Let’s post our solutions! Here’s my initial one:

``````const CHARACTER_CHART = {
A: 'N',
B: 'O',
C: 'P',
D: 'Q',
E: 'R',
F: 'S',
G: 'T',
H: 'U',
I: 'V',
J: 'W',
K: 'X',
L: 'Y',
M: 'Z',
N: 'A',
O: 'B',
P: 'C',
Q: 'D',
R: 'E',
S: 'F',
T: 'G',
U: 'H',
V: 'I',
W: 'J',
X: 'K',
Y: 'L',
Z: 'M'
};

function rot13(encodedStr) {
let decodedStr = ""
for (let i=0; i < encodedStr.length; i++) {
const char = encodedStr[i];
if (CHARACTER_CHART.hasOwnProperty(char)) {
decodedStr += CHARACTER_CHART[char];
} else {
decodedStr += char;
}
}

return decodedStr;
}
rot13("SERR PBQR PNZC");
``````
1 Like

Here’s mine.

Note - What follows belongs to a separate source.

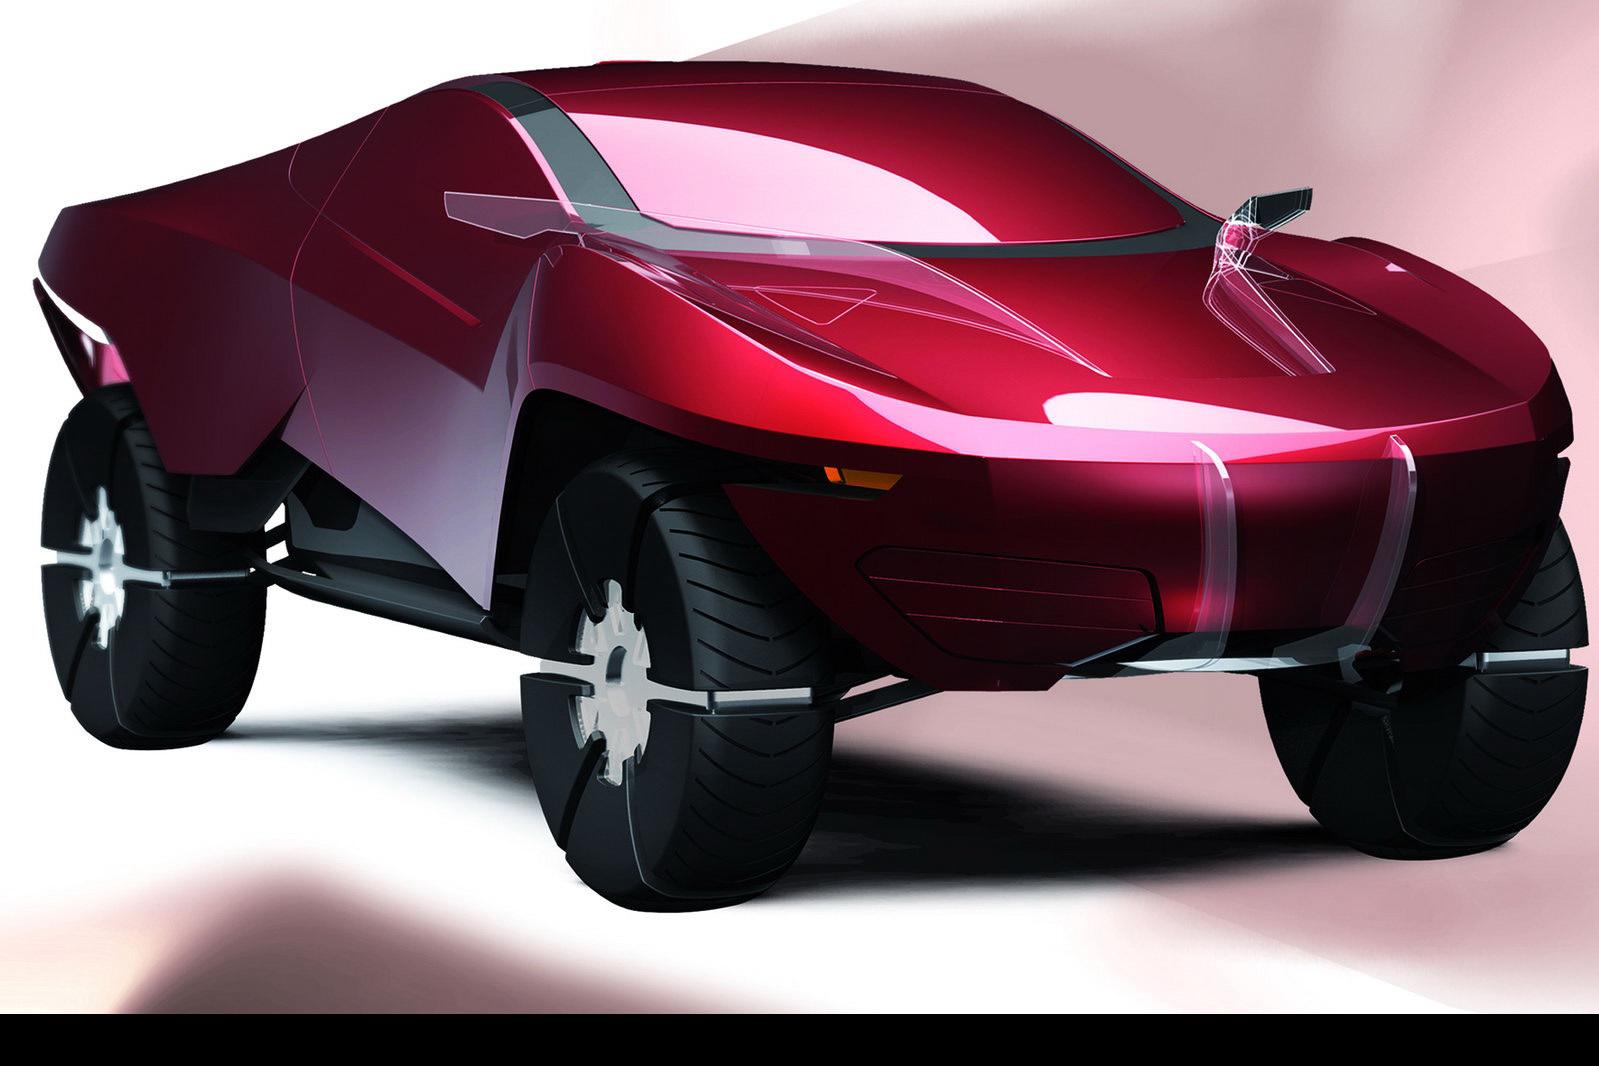 future cars 2020 - HD1599×1066

Probably should have kept with strings instead of making it an array first haha

``````function rot13(str) {
let unicode = [];
for (let letter of str) {
if (letter.match(/[A-M]/)) {
unicode.push(letter.charCodeAt() - 13 + 26);
} else if (letter.match(/[N-Z]/)) {
unicode.push(letter.charCodeAt() - 13);
} else if (letter.match(/[^A-Z]/)) {
unicode.push(letter.charCodeAt());
}
}
return String.fromCharCode(...unicode)
}

rot13("SERR PBQR PNZC");
console.log(rot13("SERR PBQR PNZC"))
``````
4 Likes

Hi everyone!!

I have did this (using an array) because I did not know how to use ASCII at that moment and I am trying to update my array knowledge, but I will switch it later on. I wanted to share it anyway because is different, but it is not the best solution for sure.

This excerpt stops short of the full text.